= Exercise =
Nothing but the text should be carried over: reproduce all the data exactly and leave out every image.

= Supplied information =
----

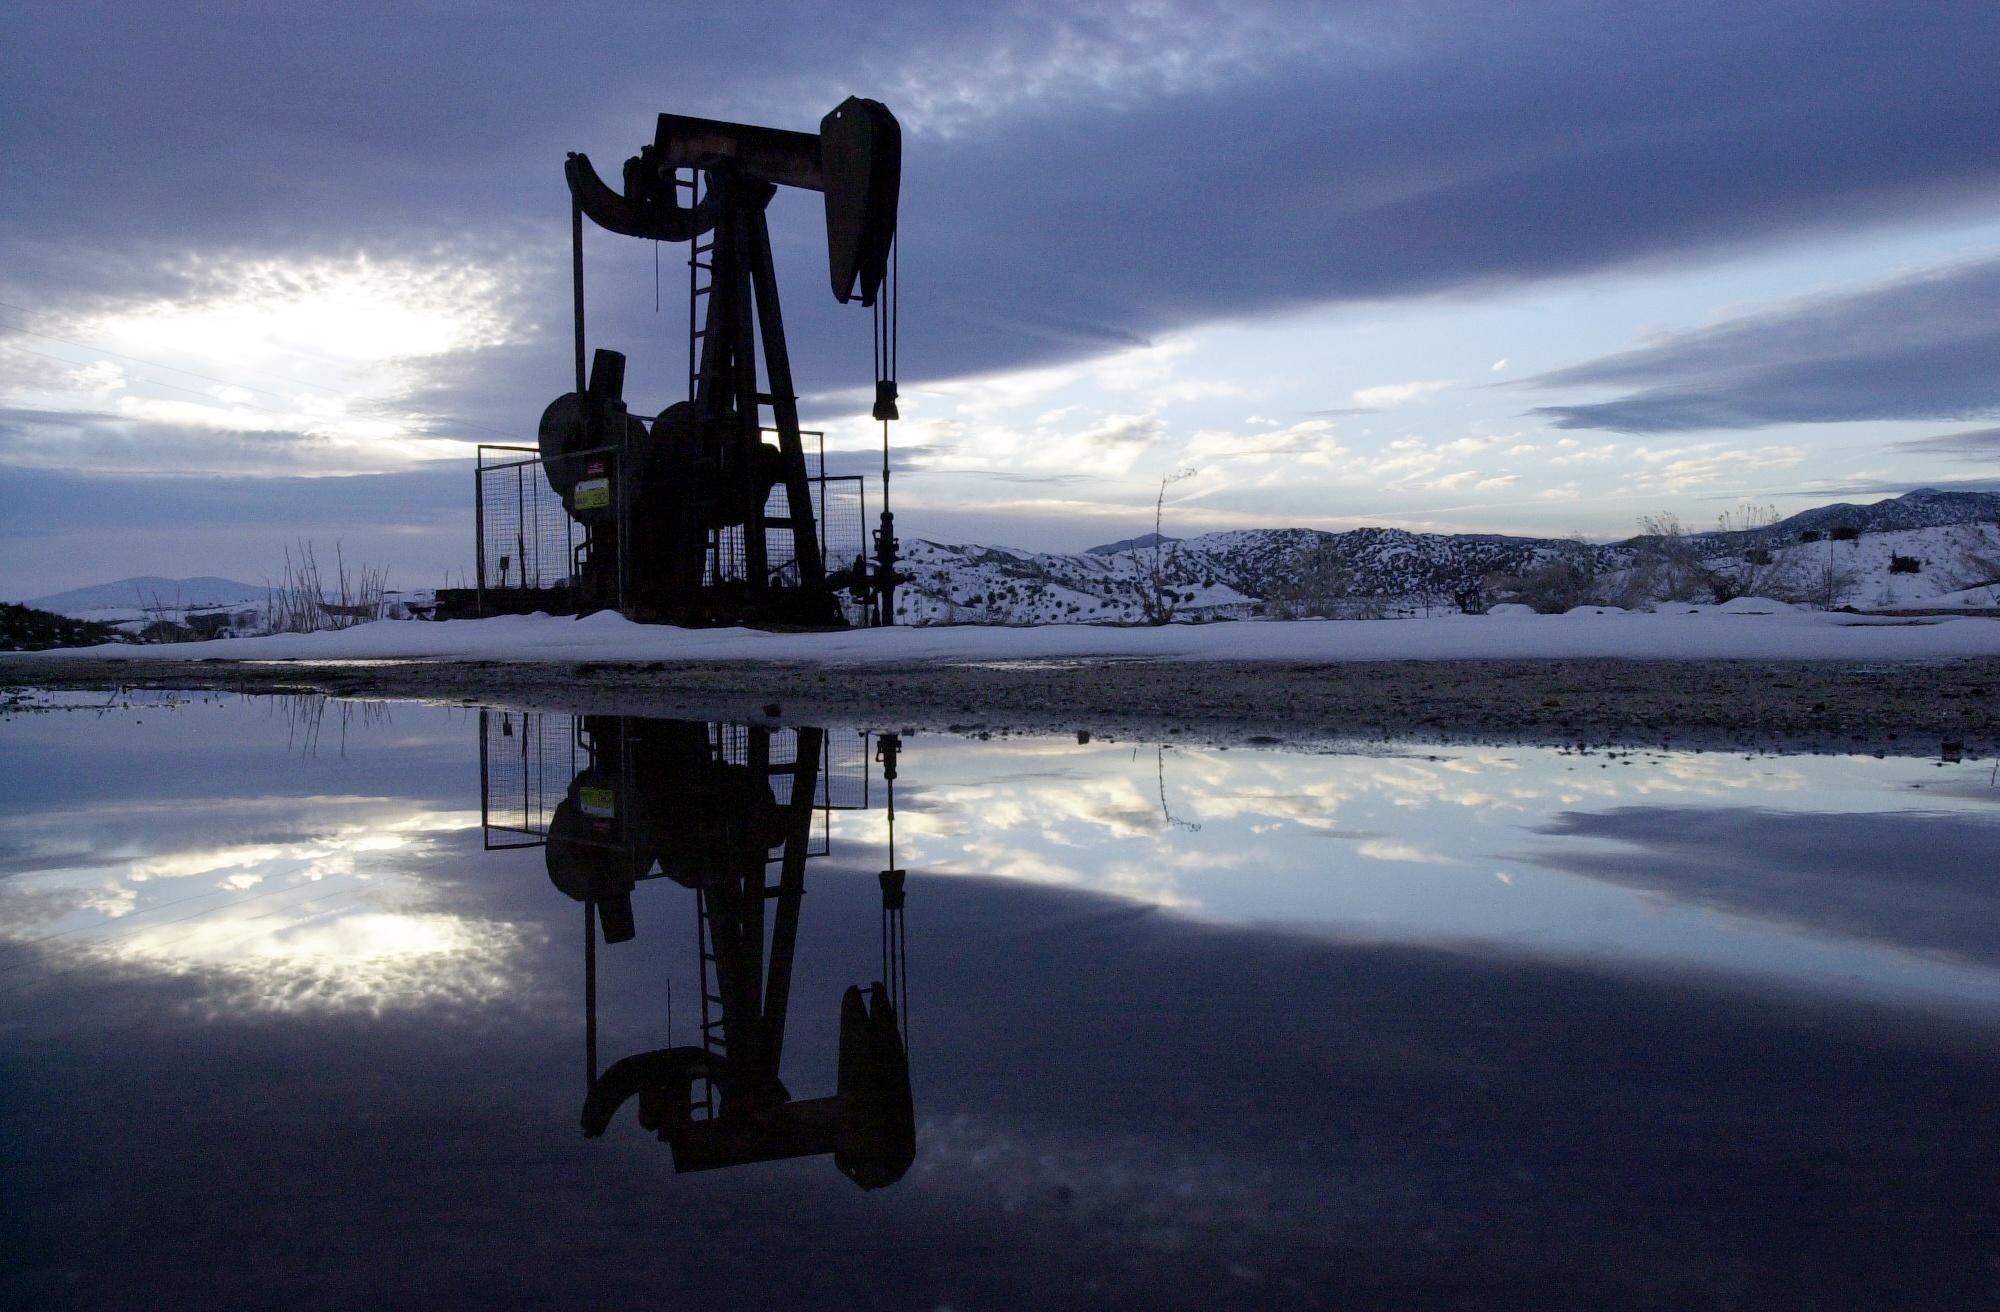 Палата представителей США поддержала запрет на импорт российской нефти
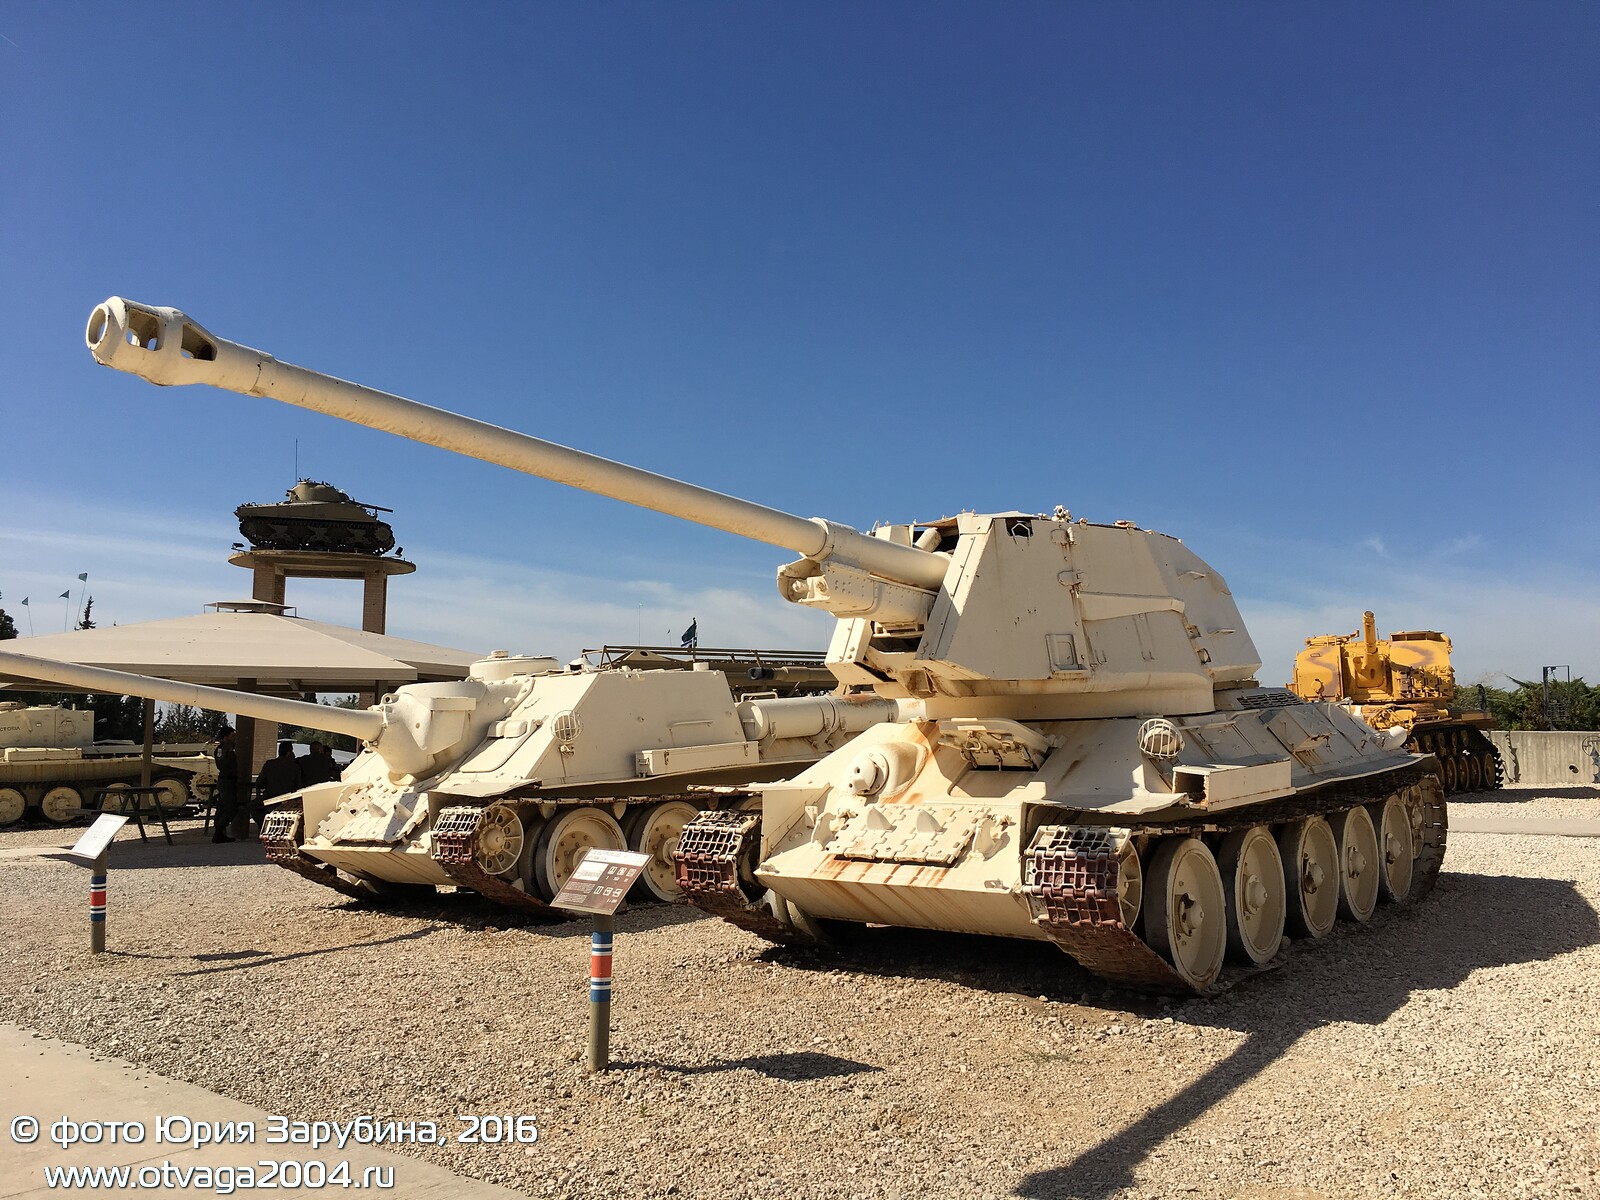 Музей танковых войск в Израиле - фотообзор, часть 2
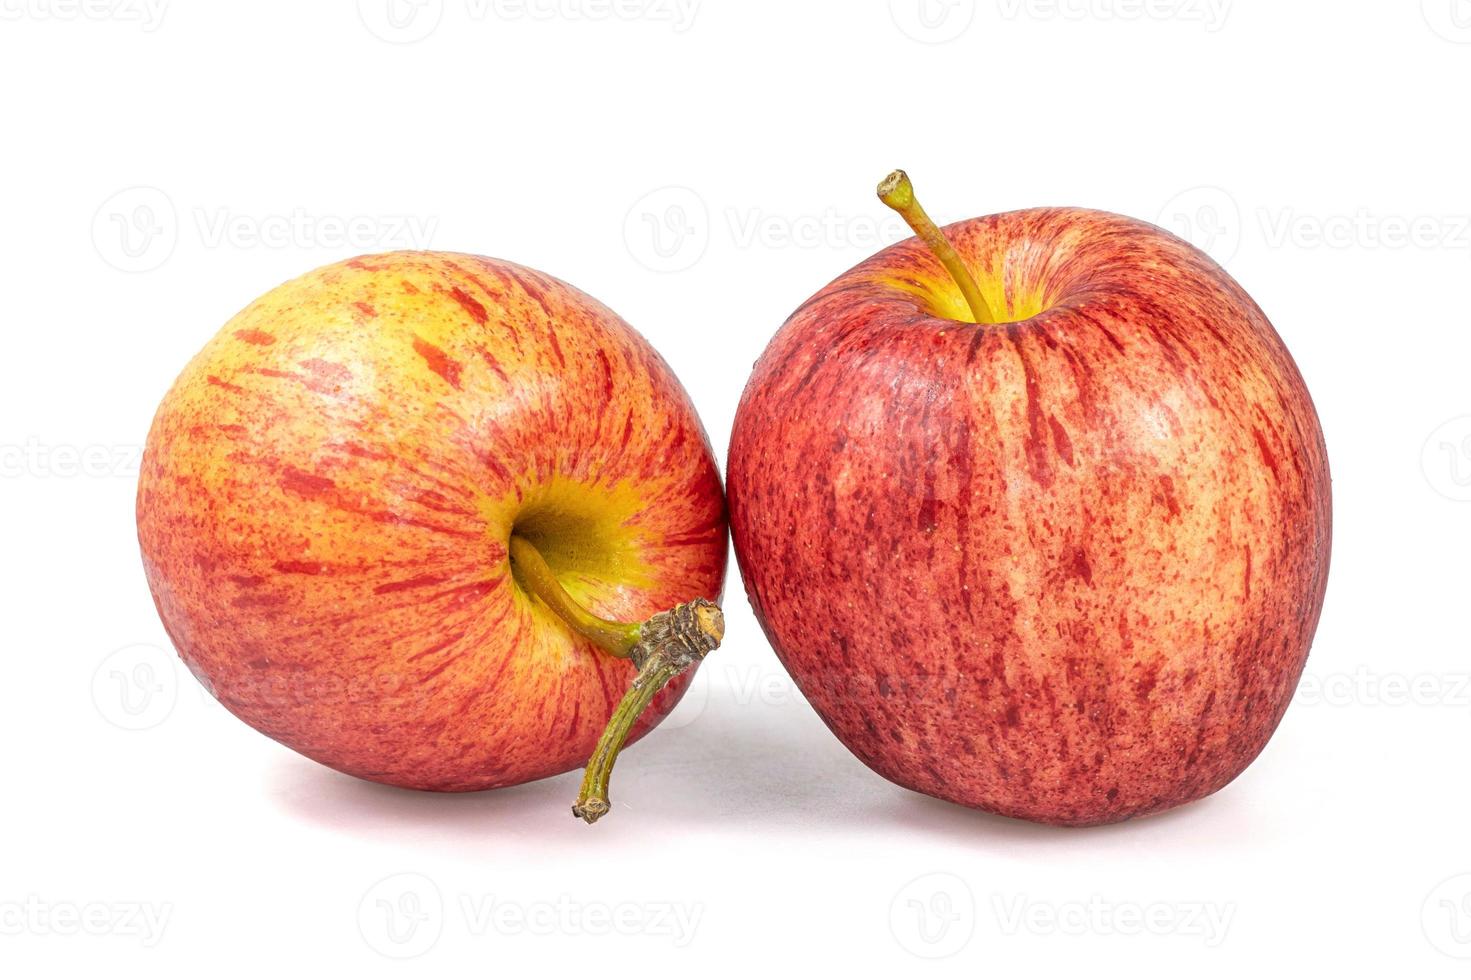 manzanas gala aislar sobre fondo blanco con trazado de recorte foto

----

= Expected answer =
 Палата представителей США поддержала запрет на импорт российской нефти
 Музей танковых войск в Израиле - фотообзор, часть 2
 manzanas gala aislar sobre fondo blanco con trazado de recorte foto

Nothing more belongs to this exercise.